One family of data science methods designed for massive data sets, namely, the massive-data bootstrap procedures, has recently attained considerable popularity but has unknown theoretical properties, including reliability.

This project aims to rectify a major misunderstanding in the literature, provide a comprehensive and complete theory for this family of data science methods and consequently push forward the frontier of data science in the era of massive data.

Supervisor: Dr Houying Zhu

Topic description

This project pioneers new statistical methods that prioritise stability, resistance and interpretability for analysing high-dimensional data. By integrating Bayesian and Frequentist principles for statistical model building, new solutions will enhance data analysis reliability in neuroscience, meat science and climate change.

Expected outcomes include innovative statistical tools that provide consistent, interpretable insights, enabling confident decision-making and interdisciplinary collaboration in these fields.

This research will empower scientists to derive trustworthy findings from complex data in Australian and global contexts, advancing research and application in health, food science and climate studies.

Supervisor: Dr Jack Freestone

Topic description

Modern science is awash with large-scale screening experiments: testing thousands of genes for association with disease, thousands of proteins for differential expression or thousands of candidate features in a statistical model. A persistent challenge is that discoveries made in one dataset often fail to replicate in another, especially in high-dimensional settings where apparent signals can be driven by confounding, sampling bias, model misspecification, or the idiosyncrasies of a single experiment.

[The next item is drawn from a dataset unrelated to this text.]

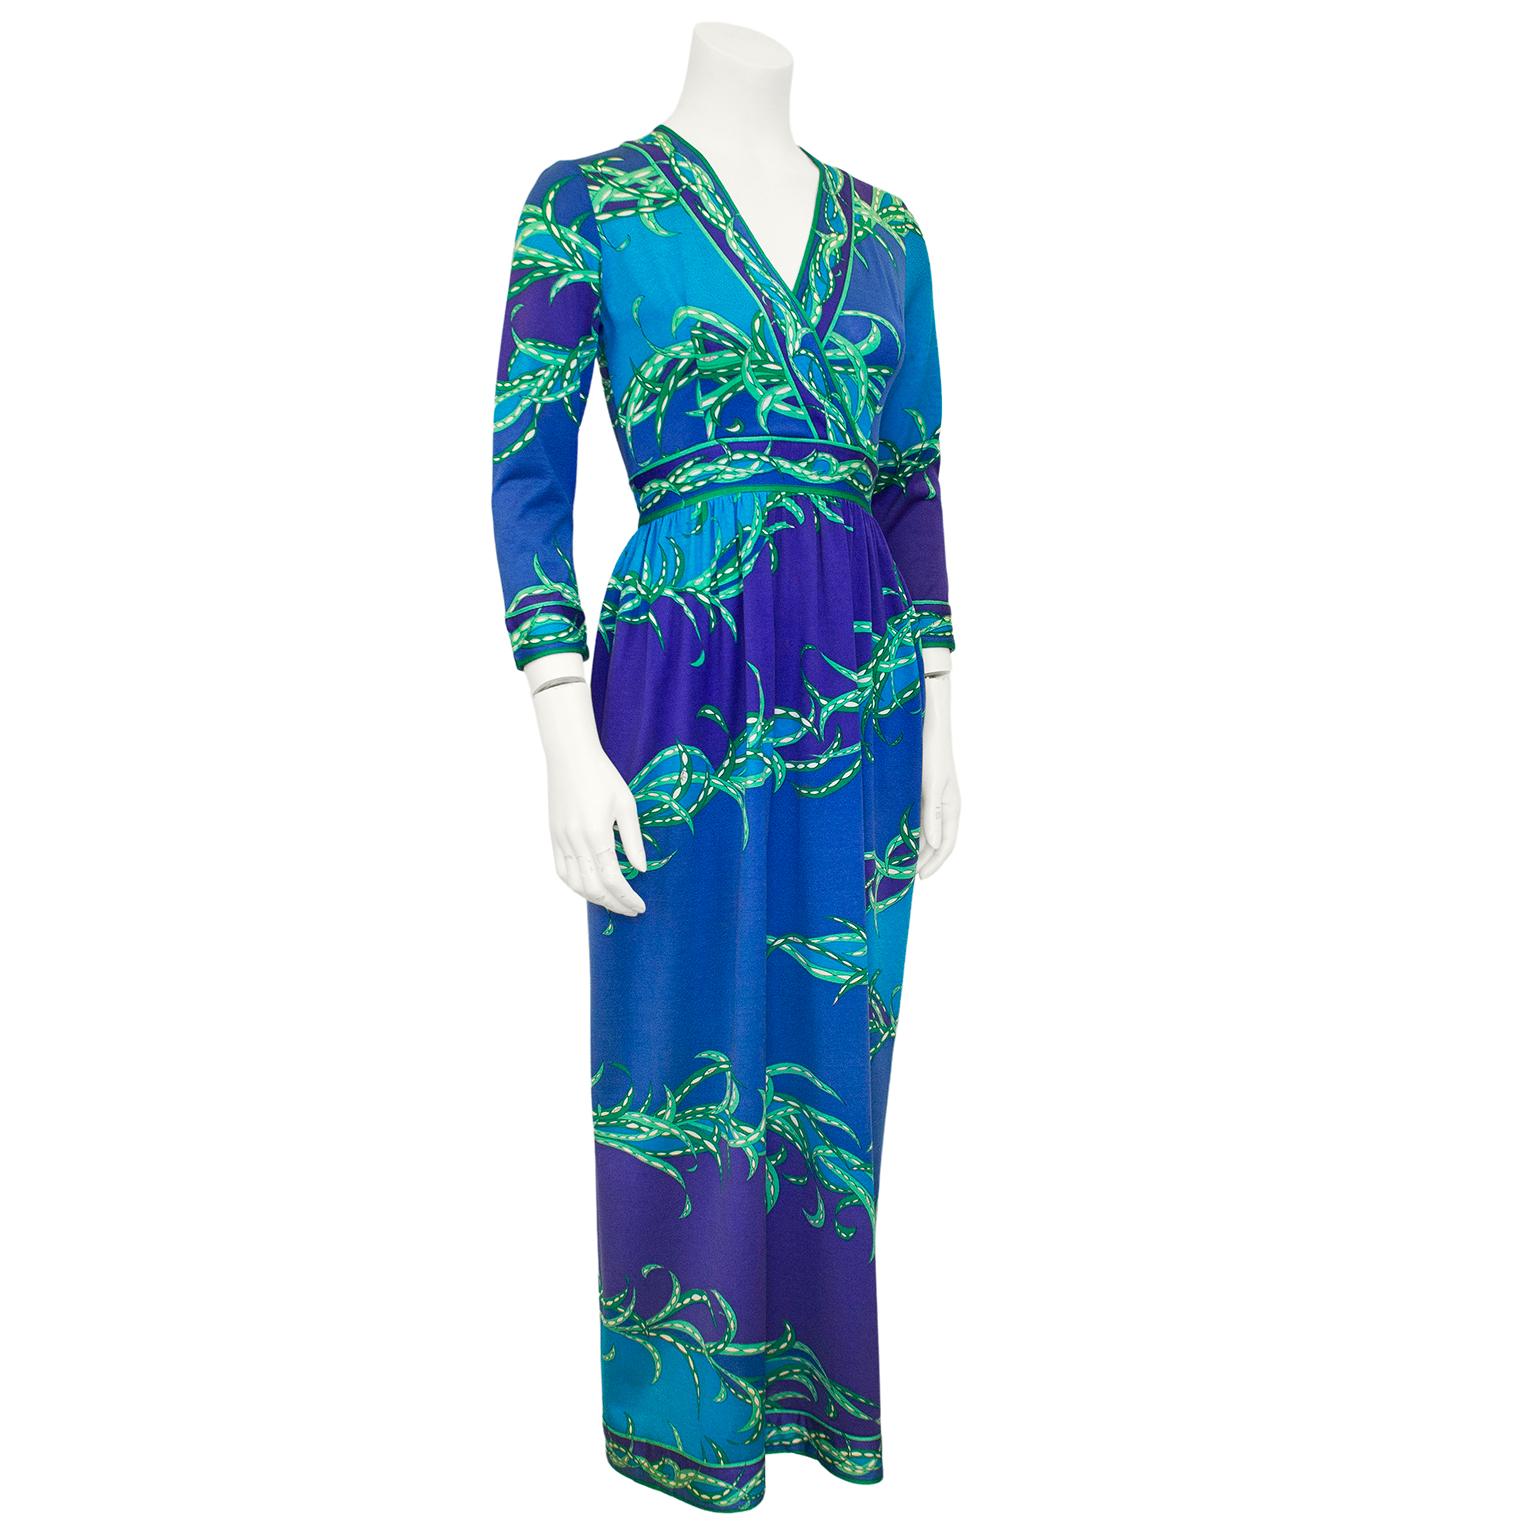 A classic and beautiful Emilio Pucci maxi dress dating from the 1970s. Blue and purple abstract colour blocking with a green and white leaf style print throughout. A very flattering shape with a deep v neckline, bracelet length sleeves, a waistband
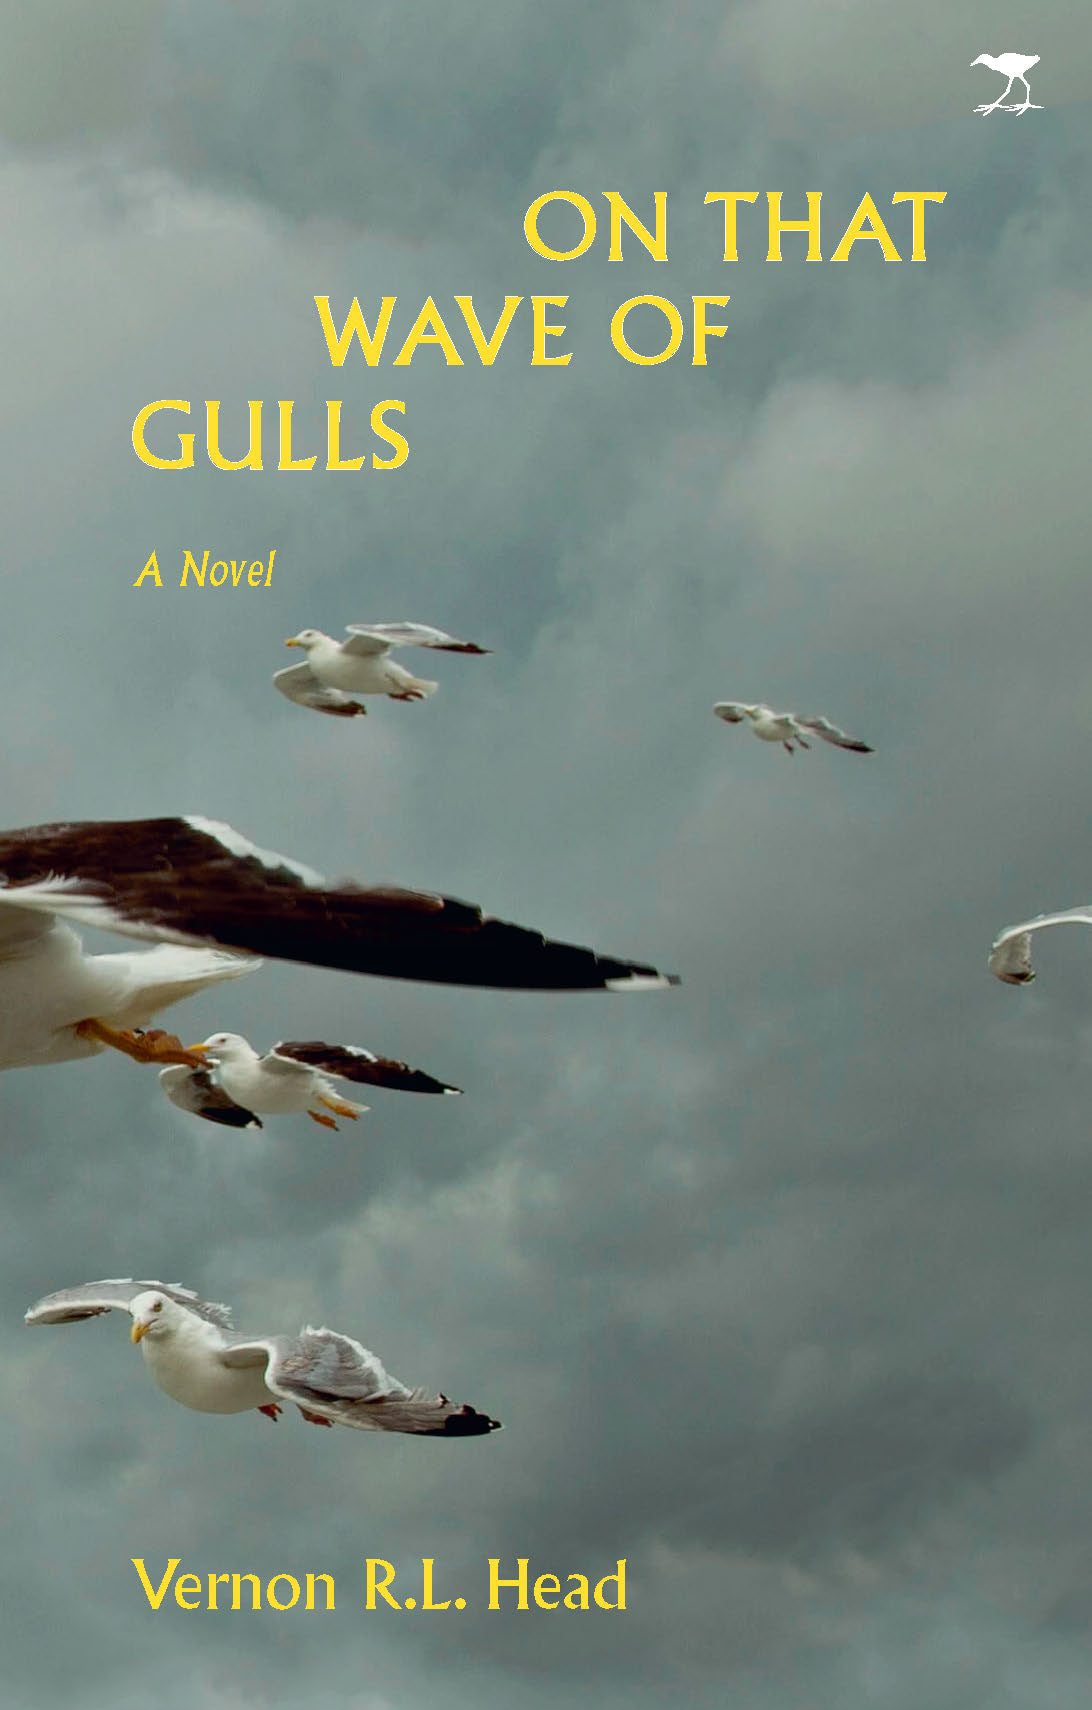 On that Wave of Gulls, by Vernon R.L. Head

This PhD project will develop new statistical methods for replicability analysis: identifying signals that are consistently present across multiple studies, populations, experimental conditions or data-collection environments, while controlling the false discovery rate – the expected proportion of reported discoveries that are false.

A key limitation of existing methodology is that it can be overly conservative when estimating the number of false replicability claims. In particular, if a feature is null in more than one environment, naive approaches can effectively count it multiple times, even though it should contribute only once to the collection of non-replicable features.

This project will develop sharper methods that avoid this overcounting, either through principled pre-filtering strategies that remove unpromising features before the final replicability analysis, or through less conservative false discovery rate estimators that more carefully account for overlap among null features across environments.

This project will involve:

  • applying the methods to real datasets from areas such as genomics and proteomics
  • designing algorithms
  • knock-off-style statistics
  • multi-environment inference
  • negative controls
  • proving rigorous error-control guarantees
  • running simulations.

Supervisors: Associate Professor Jun Ma

Topic description

In this project we investigate the issue of model selection for the semiparametric accelerated failure time (AFT) model when event time observations are subject to partly interval censoring. Specifically, we consider fitting the semiparametric AFT model in settings where the number of covariates is large, often much greater than the number of observations.

In modeling survival times, the availability of high-dimensional data necessitates the development of variable selection techniques to identify important risk factors among numerous covariates, particularly when these covariates are related to genes or biomarkers.

We will employ L_0-norm and penalised likelihoods to perform model selection. More complex settings, including time-varying covariates and left truncation in semiparametric AFT model selection will also be investigated.